**Data extracts**
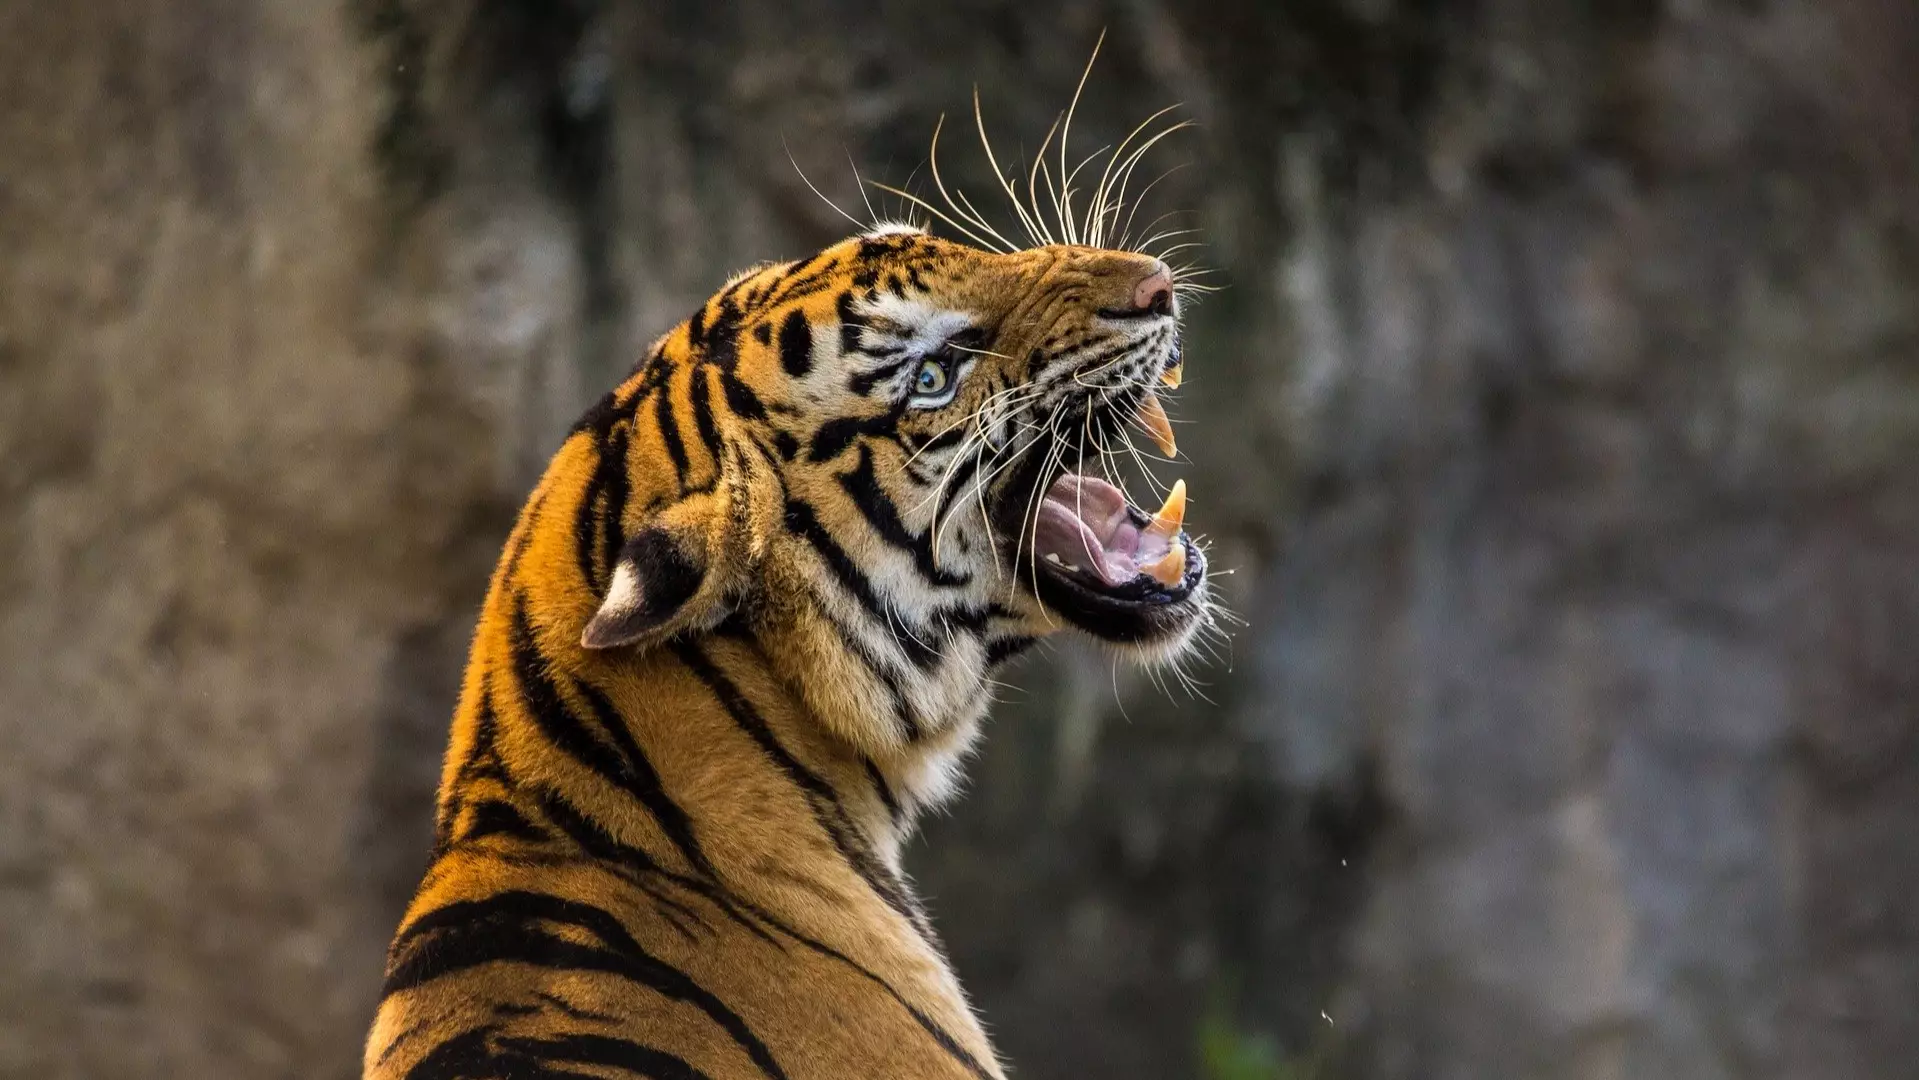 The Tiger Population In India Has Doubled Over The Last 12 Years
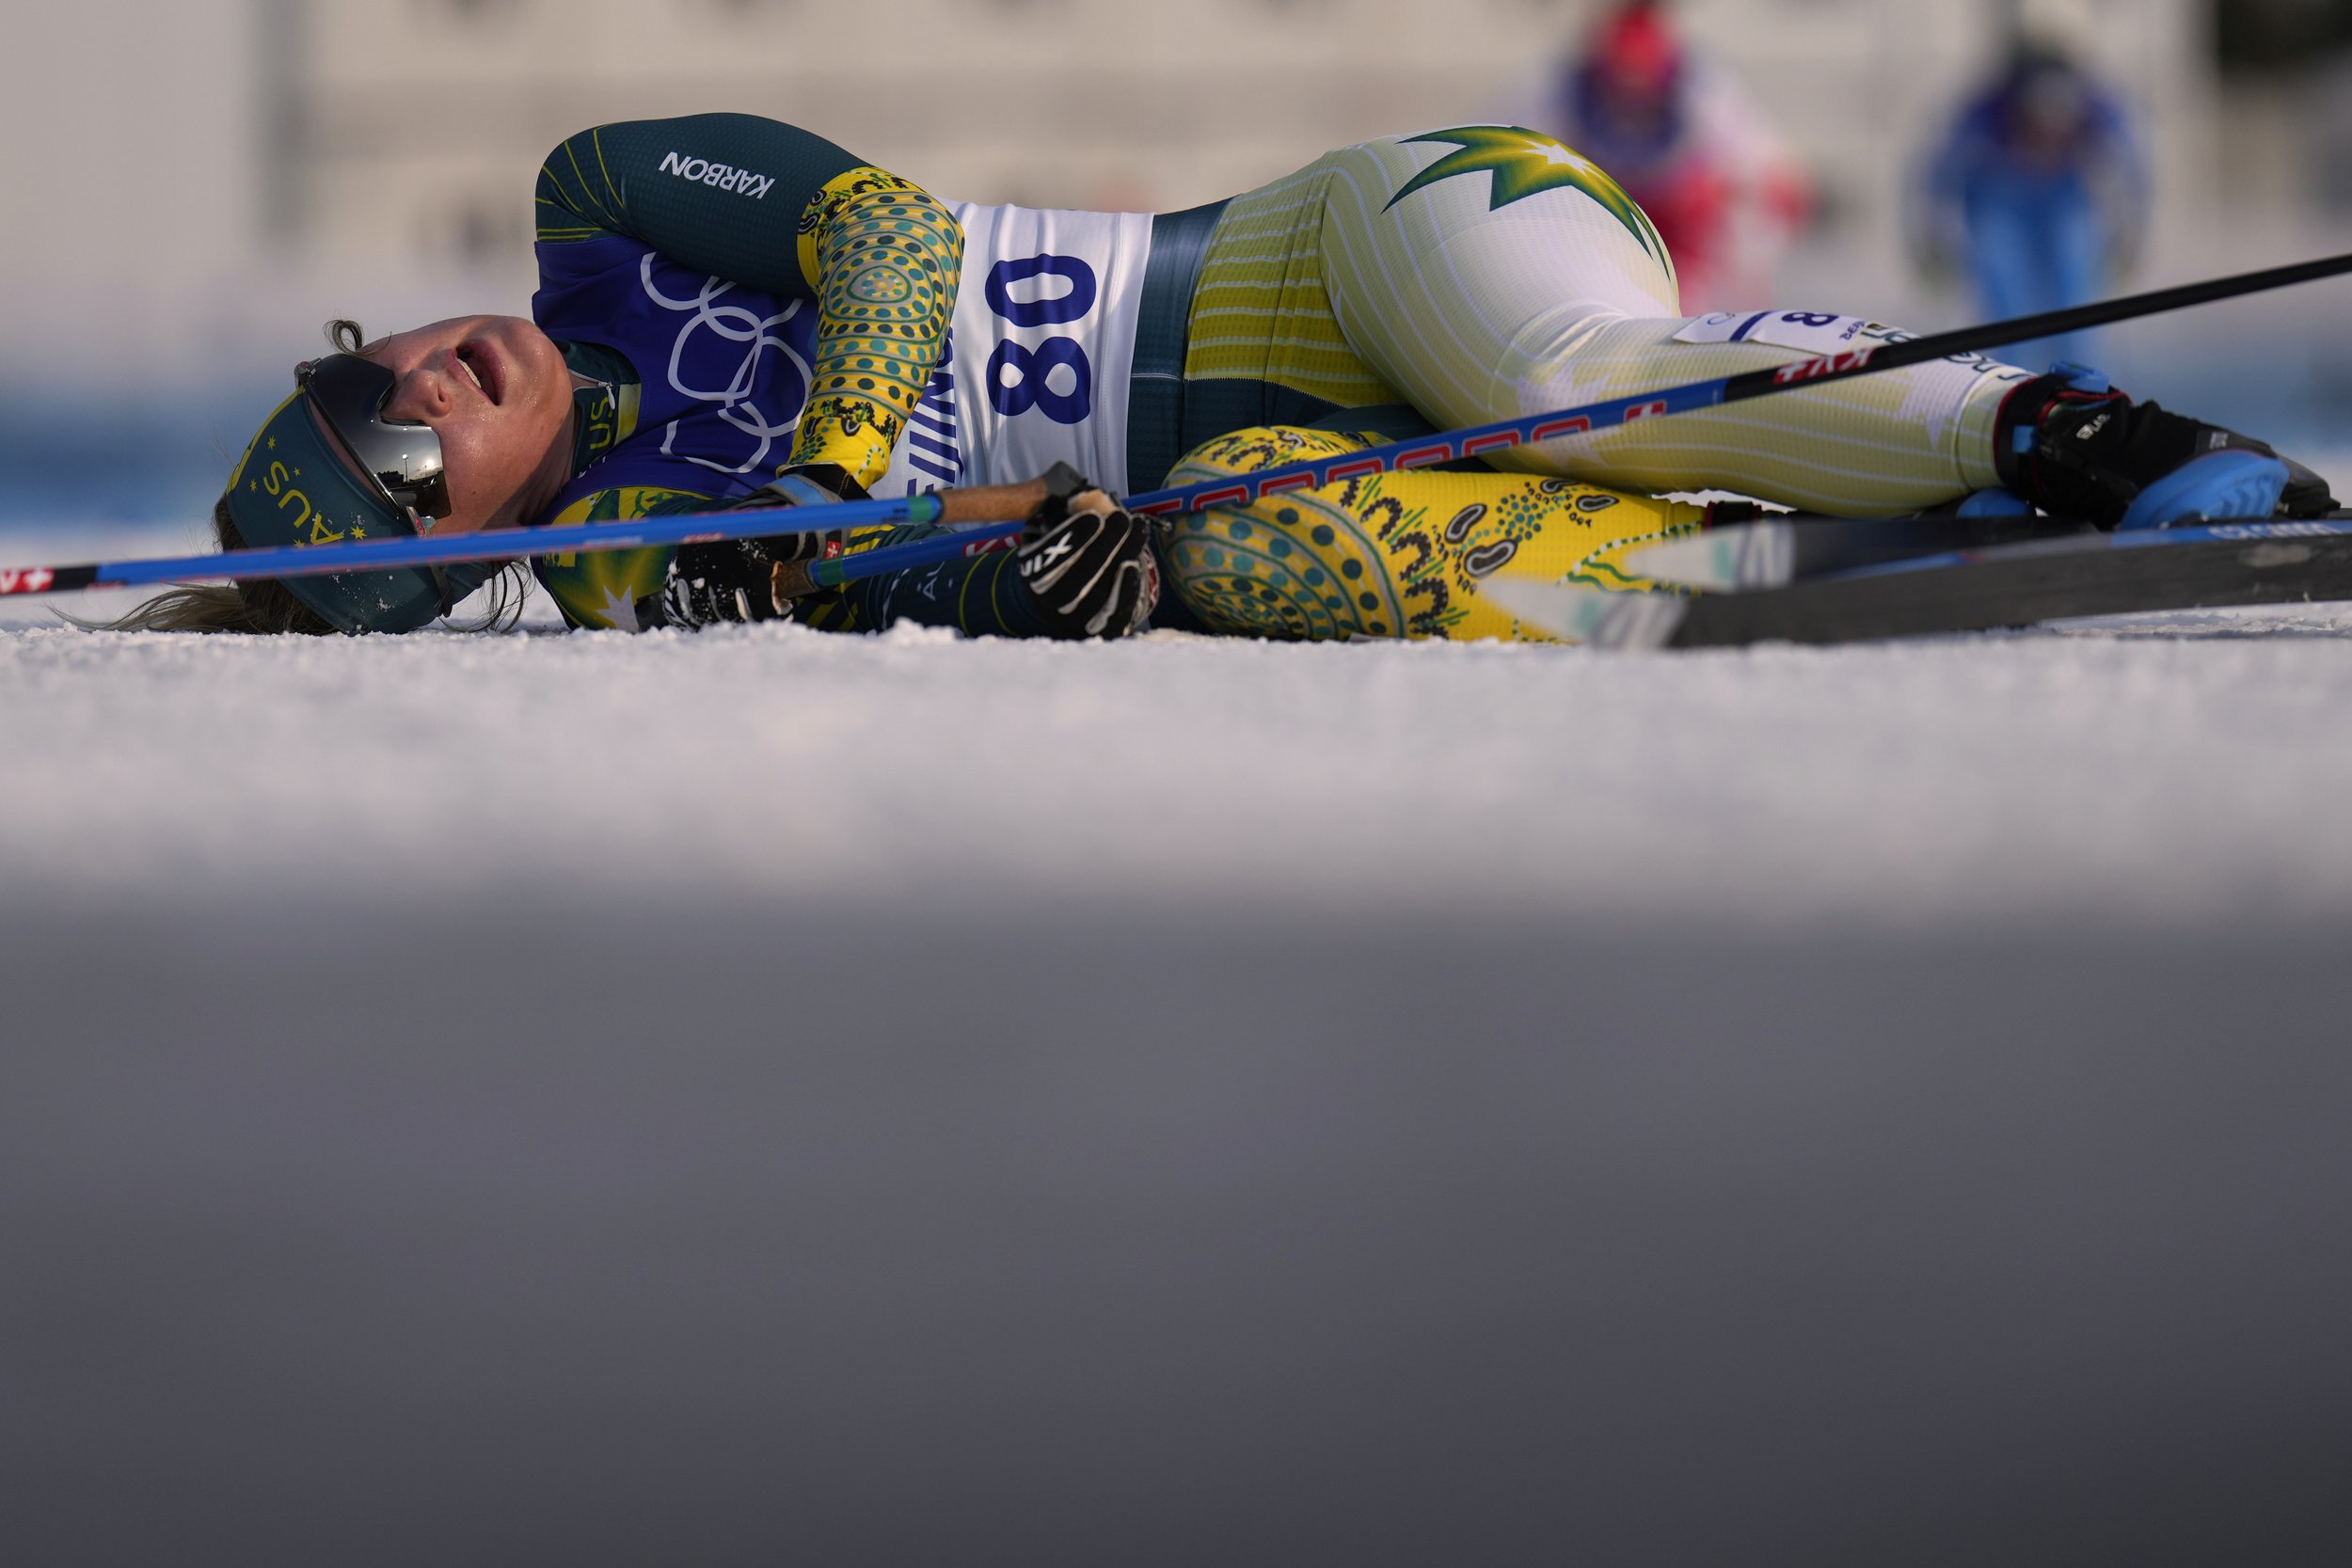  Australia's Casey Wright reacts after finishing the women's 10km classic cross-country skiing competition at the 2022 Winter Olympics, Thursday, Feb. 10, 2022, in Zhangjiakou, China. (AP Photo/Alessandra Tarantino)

* * *

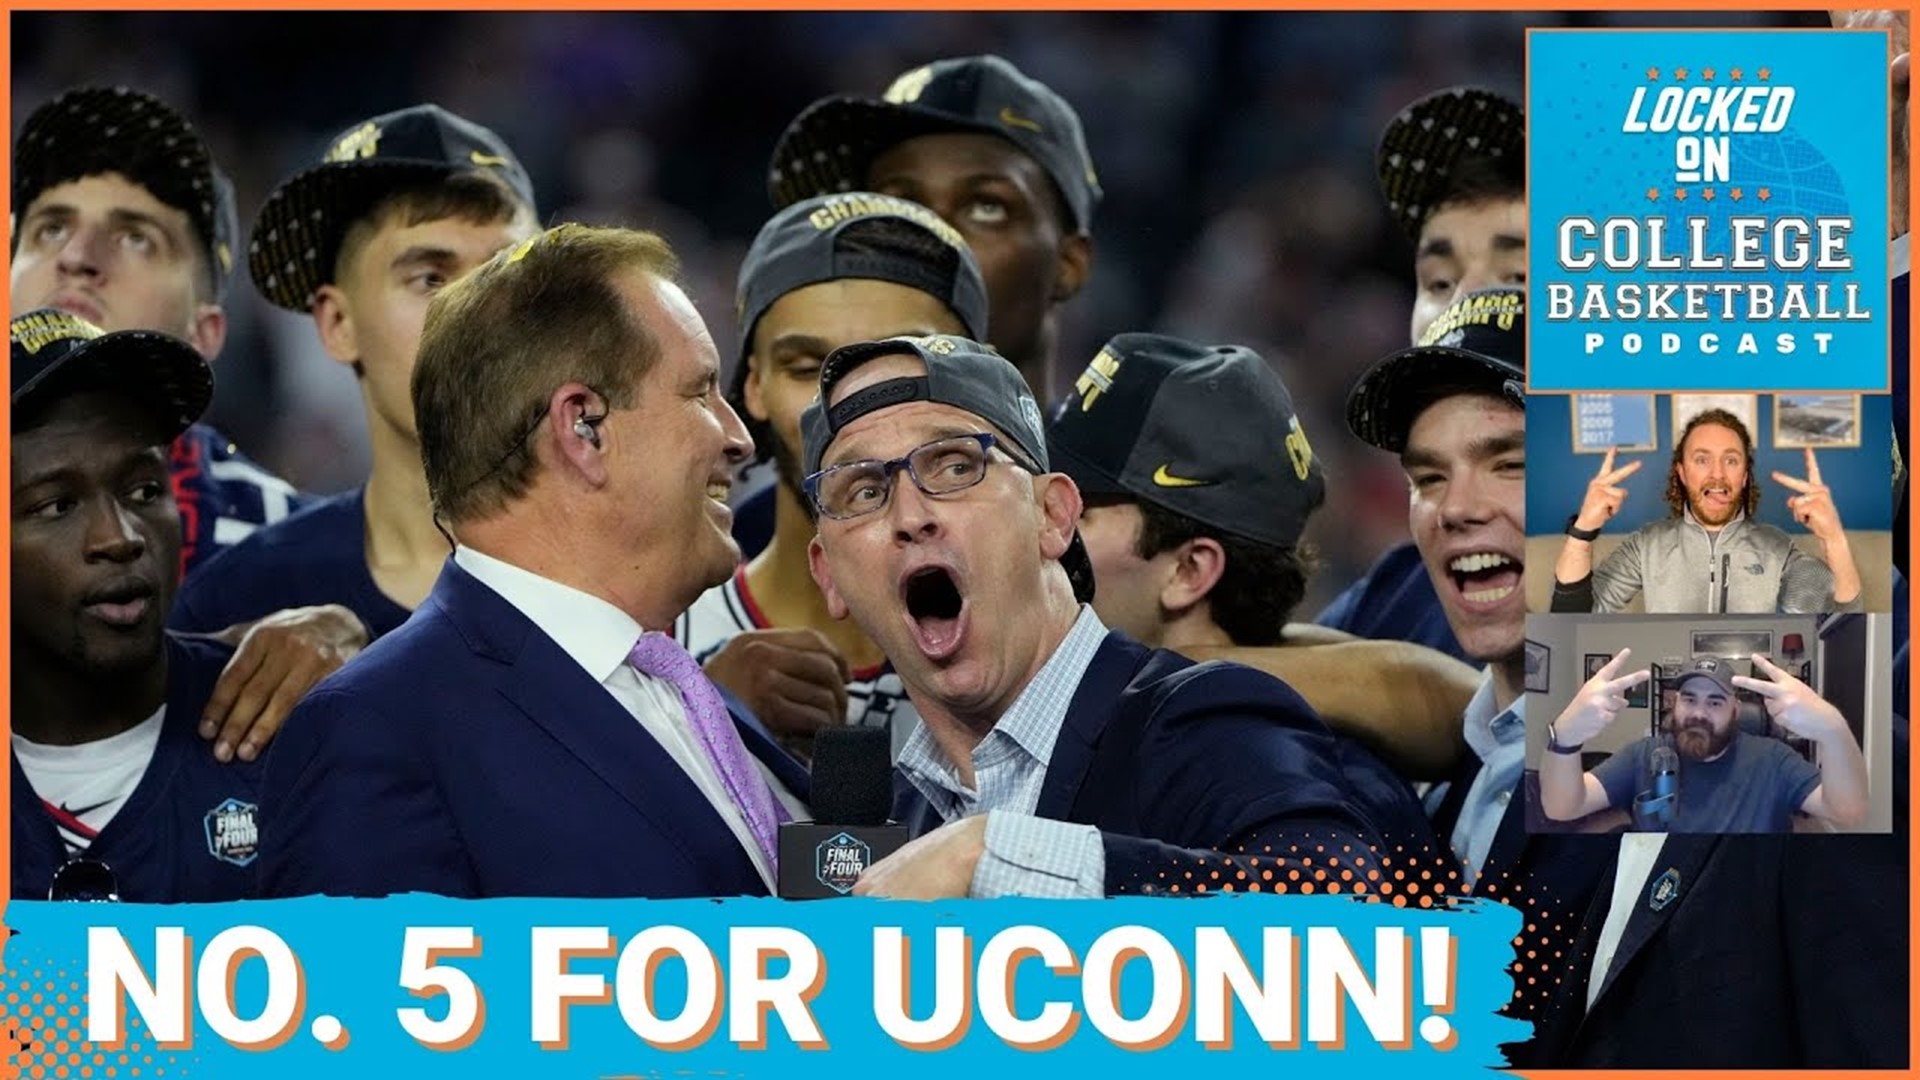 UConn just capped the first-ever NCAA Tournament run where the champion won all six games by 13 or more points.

**Activity**
Look above for the line containing "The Tiger Population", then write out every line from there down to the line containing "Australia's Casey Wright", that line included, with no pictures.

**Problem solution**
 The Tiger Population In India Has Doubled Over The Last 12 Years
  Australia's Casey Wright reacts after finishing the women's 10km classic cross-country skiing competition at the 2022 Winter Olympics, Thursday, Feb. 10, 2022, in Zhangjiakou, China. (AP Photo/Alessandra Tarantino)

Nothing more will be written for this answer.